• [Task statement]: With the pictures removed, please write out every line below exactly as given.

• [Provided data]:
◇ ◇ ◇
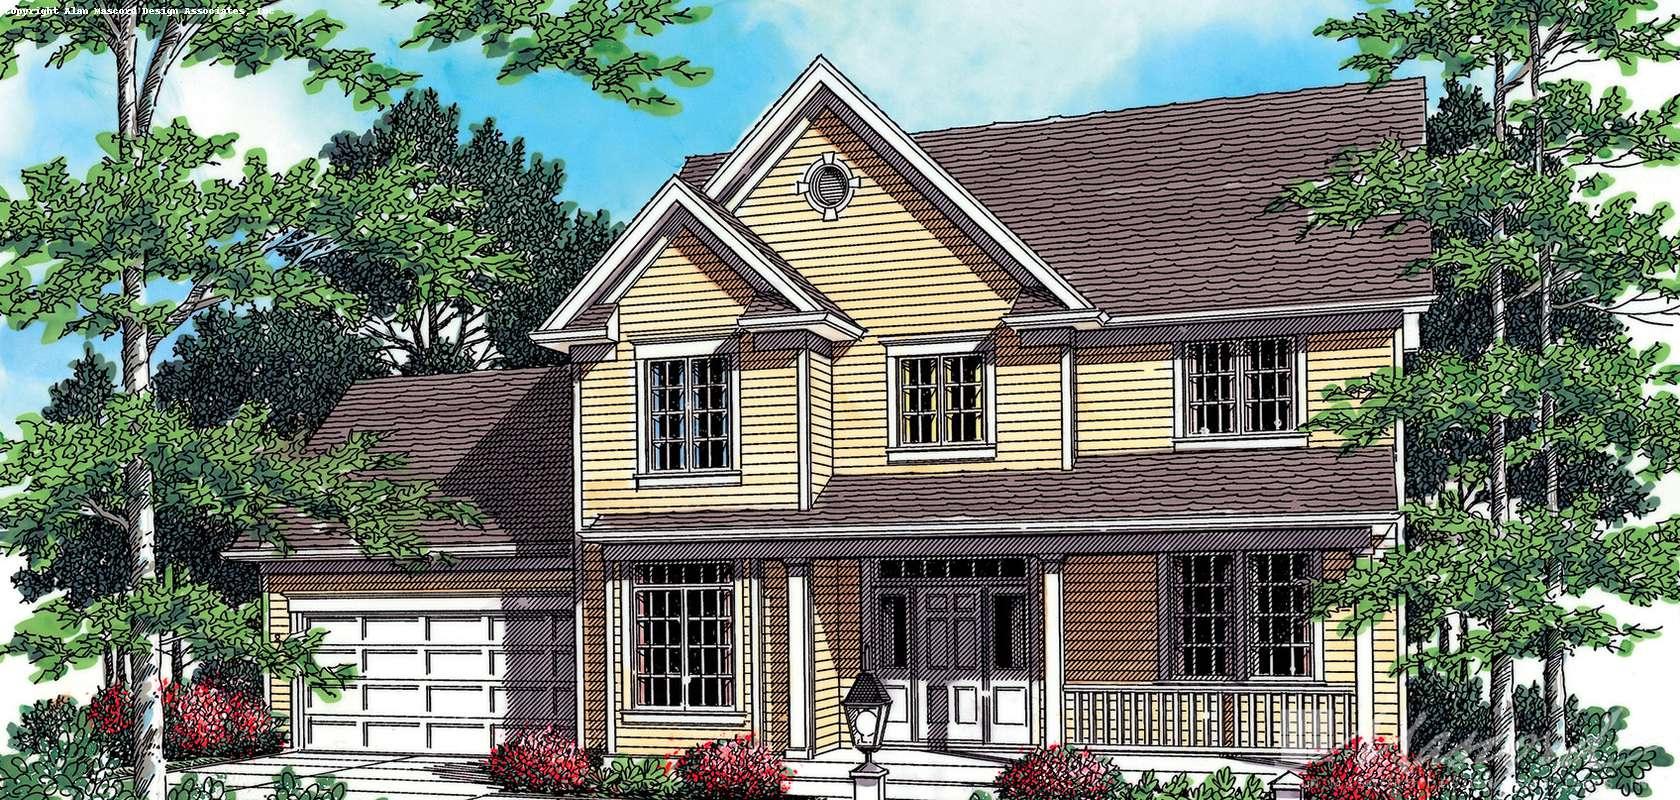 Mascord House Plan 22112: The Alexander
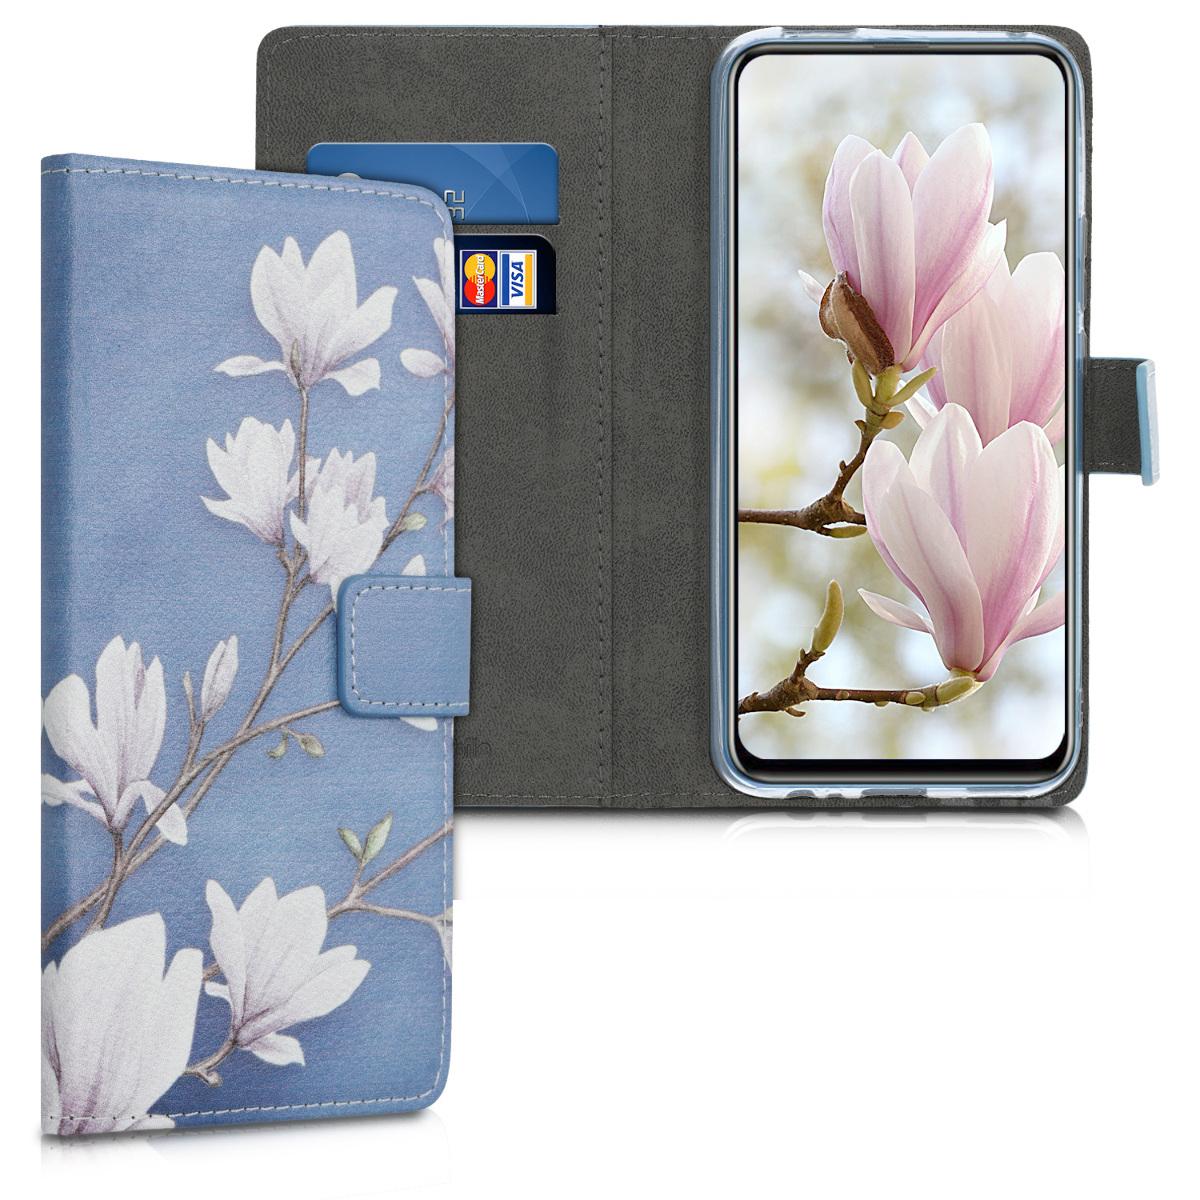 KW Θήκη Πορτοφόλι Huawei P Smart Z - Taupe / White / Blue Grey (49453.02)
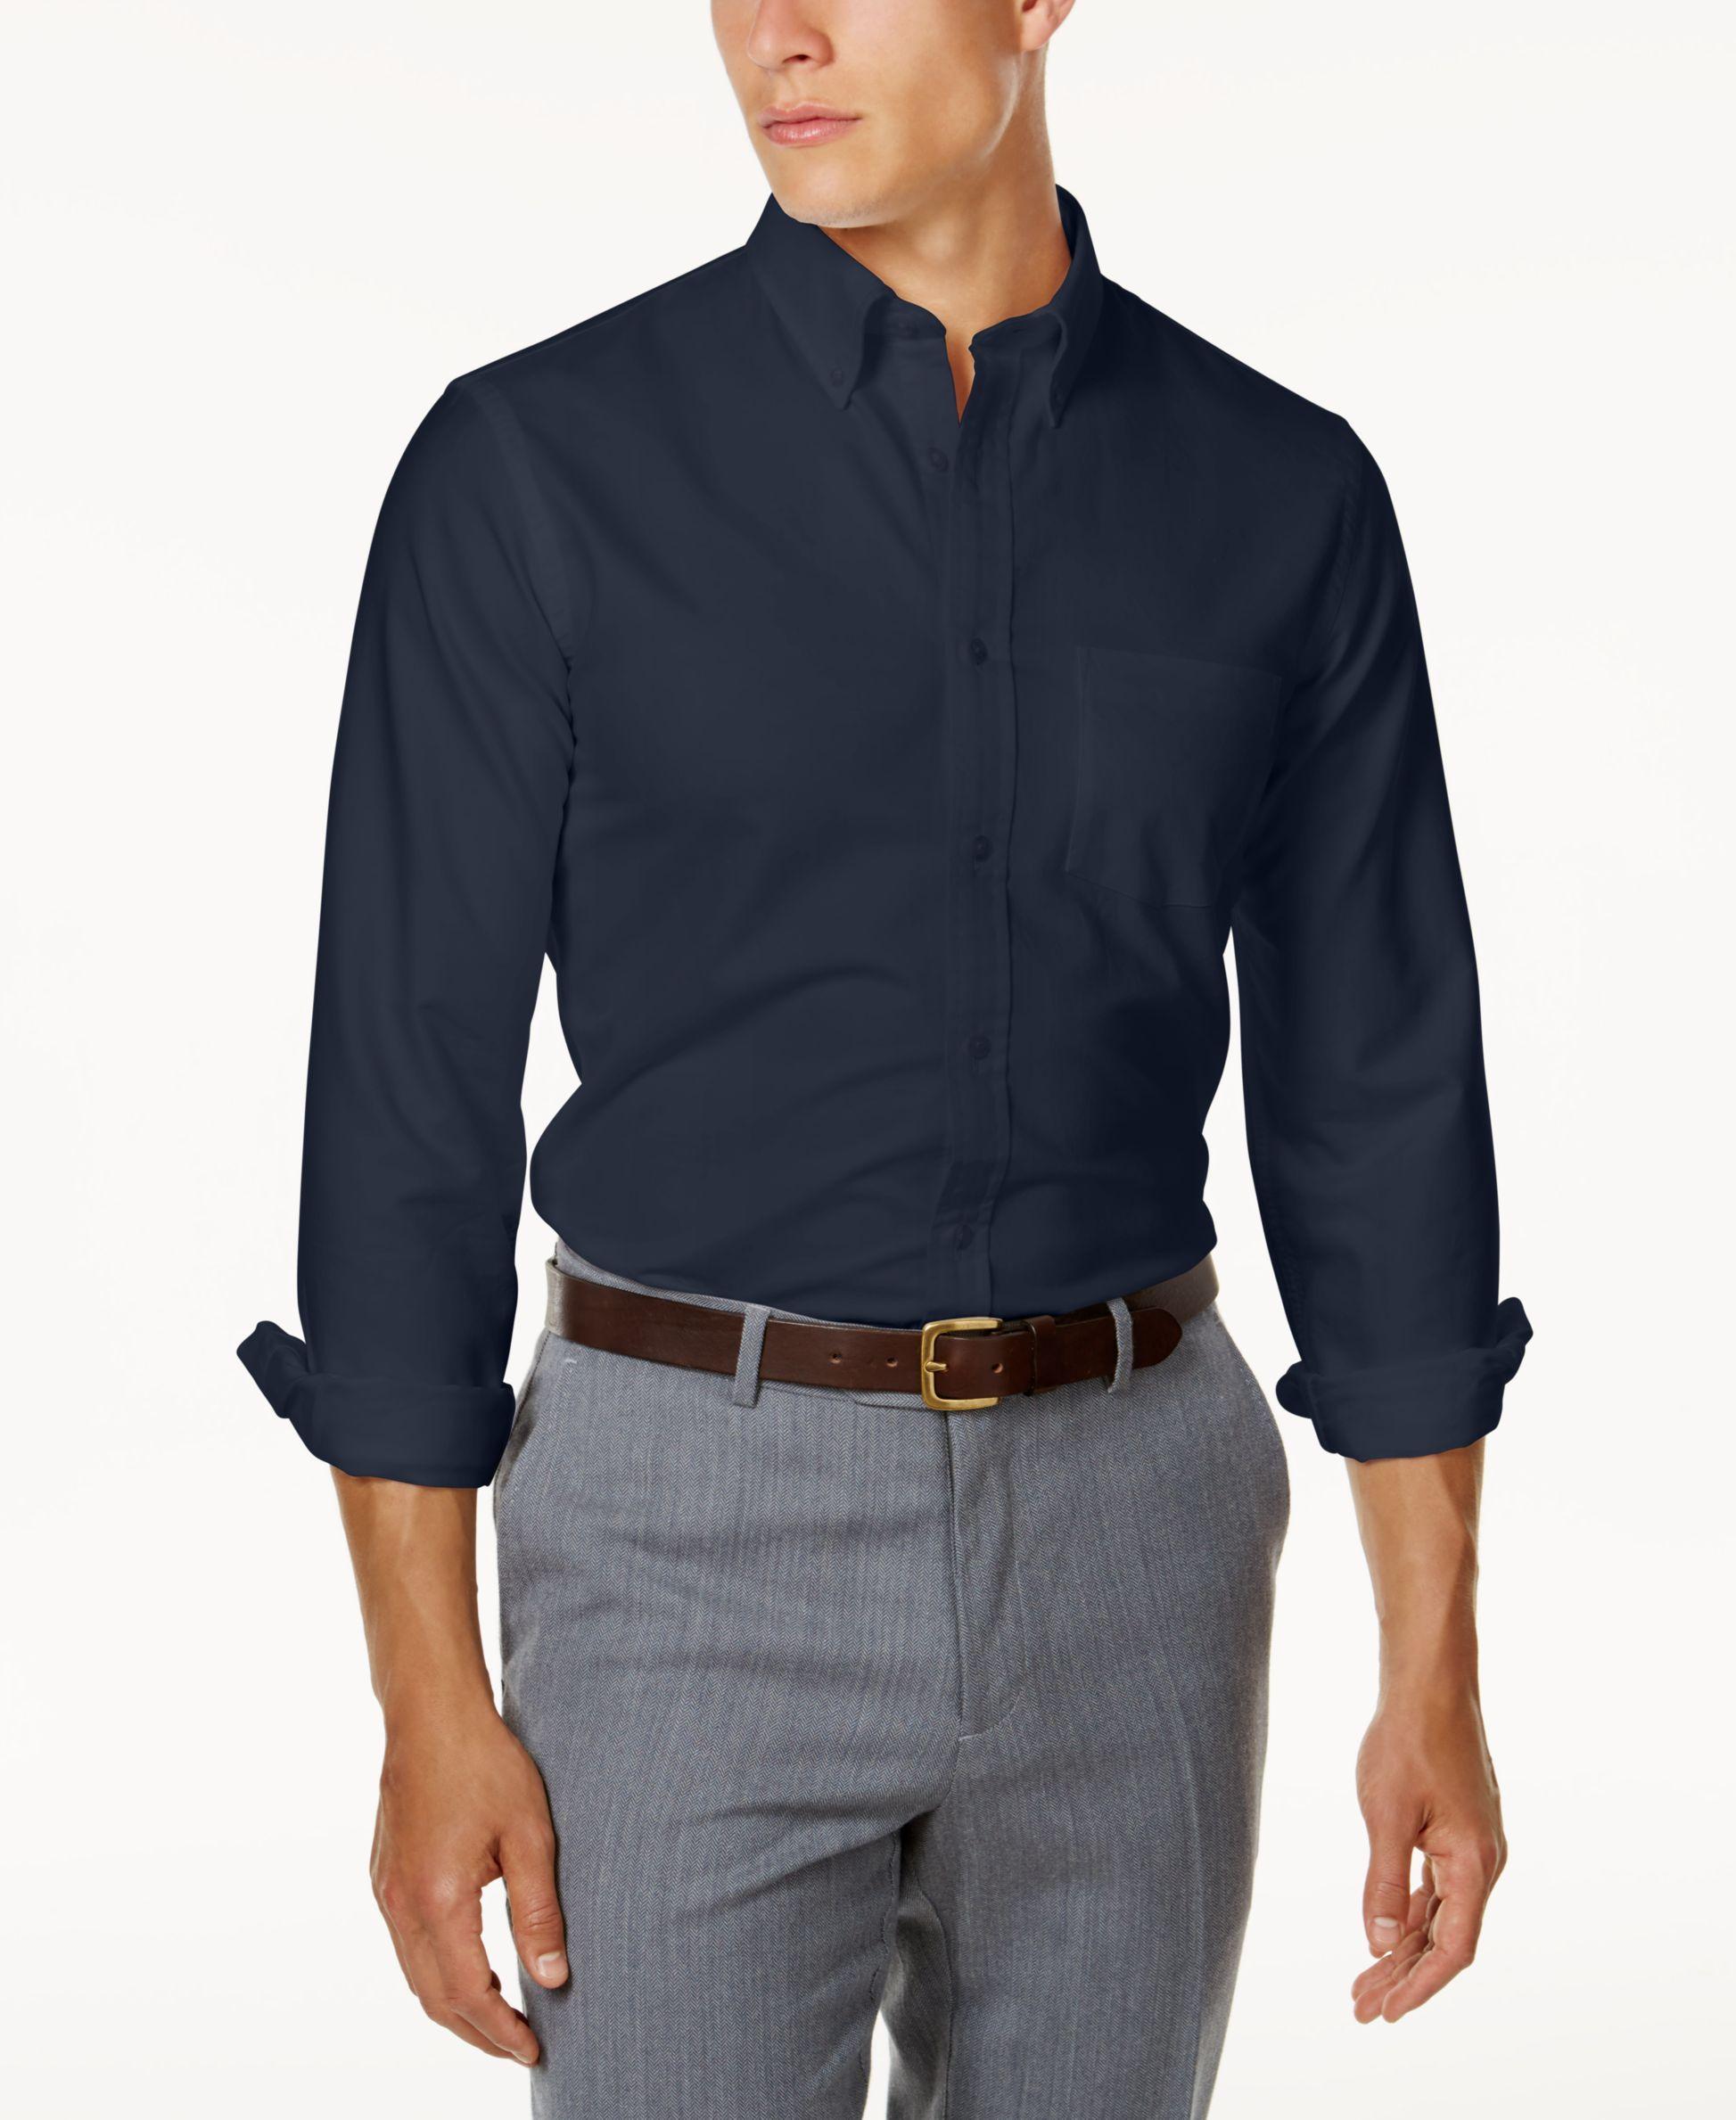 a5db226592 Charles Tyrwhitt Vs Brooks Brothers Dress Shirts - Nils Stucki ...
◇ ◇ ◇
• [Final answer]:
 Mascord House Plan 22112: The Alexander
 KW Θήκη Πορτοφόλι Huawei P Smart Z - Taupe / White / Blue Grey (49453.02)
 a5db226592 Charles Tyrwhitt Vs Brooks Brothers Dress Shirts - Nils Stucki ...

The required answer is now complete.